Event details
I'm surprised that, even after the March LCUs, almost none of my nearly 8,000 workstations are in the high confidence database yet. We run a majority HP laptops with mostly standard supported models from within the last few years, and Windows 11 24H2/25H2 with BIOS reasonably up-to-date for most devices. I would have expected to have seen many more devices attempting to update by now through Windows Update. Why is it taking so long for these devices to start the process? Your advice in the videos seems to lean towards most devices being updated automatically through Windows Update and we would have to manually deal with the remainers. At this point I'm unsure whether to continue waiting for the LCUs to hopefully and eventually update the majority, or get my devices enrolled in CFR already, or not even wait for MS to do this and start updating devices myself. Time is ticking, right?
- jvalle713Mar 23, 2026Copper Contributor
I have the same situation. 20,000 endpoints using standard Dell models purchased within the last 1-4 years and only approximately 800 endpoints are showing the 'Updated' status in the 'UEFICA2023Status' registry entry. We have also pushed out the latest BIOS. Will we see more auto updates in April or do we need to start taking manual action on this?
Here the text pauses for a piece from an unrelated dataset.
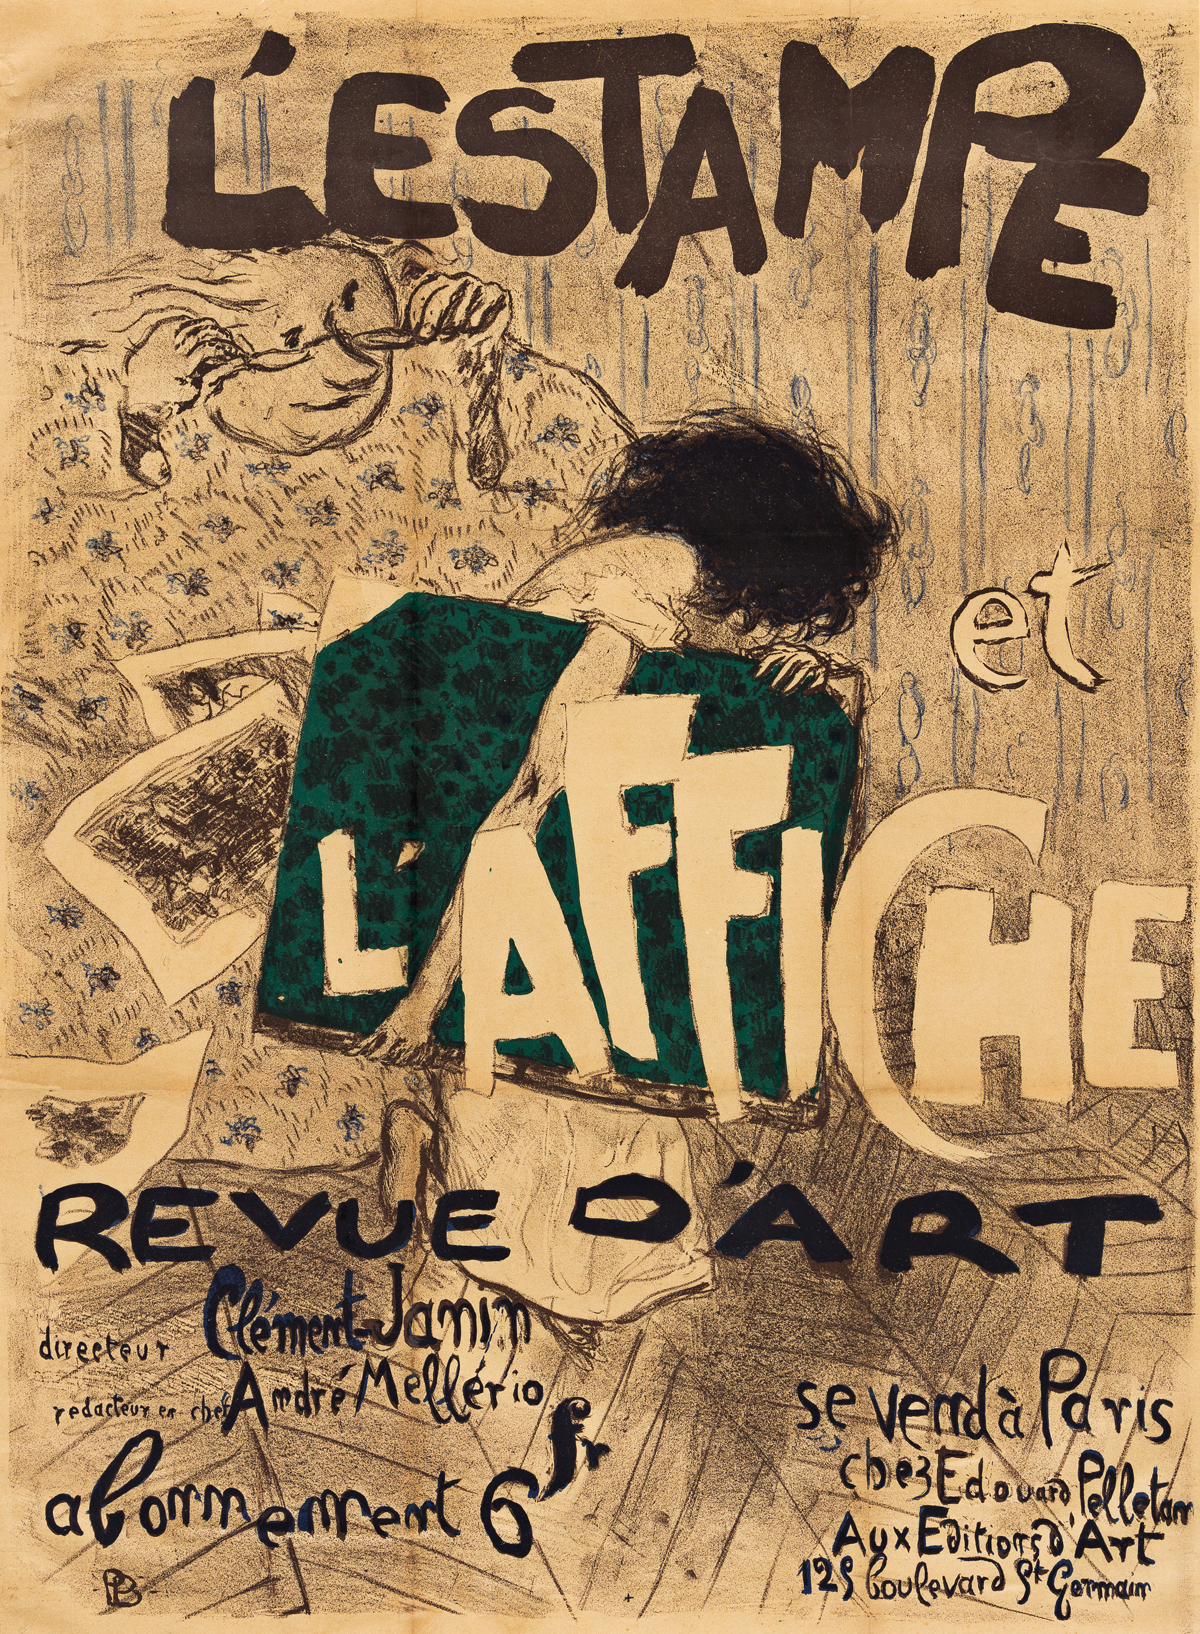 PIERRE BONNARD (1867-1947).  LESTAMPE ET LAFFICHE / REVUE DART. 1897. 32x23 inches, 82x60 cm. Editions dArt, Paris.

Would love to see a Microsoft response on this.
- Arden_WhiteMar 23, 2026
Microsoft
Thanks for raising this. What you are seeing is consistent with how the High Confidence rollout is designed to behave early on.
The automatic path is intentionally cautious. Devices only enter the High Confidence database after we have sufficient real‑world servicing and reliability signals for that specific hardware and firmware combination. Early in the rollout, that means coverage grows slowly even on modern, well‑supported systems, especially when BIOS or firmware was updated recently and needs to be re‑observed.
The January, February, and March LCUs primarily established the pipeline and initial confidence data. We expect significantly more devices to become eligible in April and May as additional telemetry is collected and more hardware buckets graduate to high confidence. That expansion is already planned and does not require changes on your side beyond staying current on servicing updates.
For organizations that prefer not to wait, taking a managed approach using the published guidance is a valid option. The key point is that low numbers today do not indicate a problem with your devices, only that we are still building confidence before broad automatic deployment.
We’ll continue to expand coverage carefully and share updates as the rollout accelerates.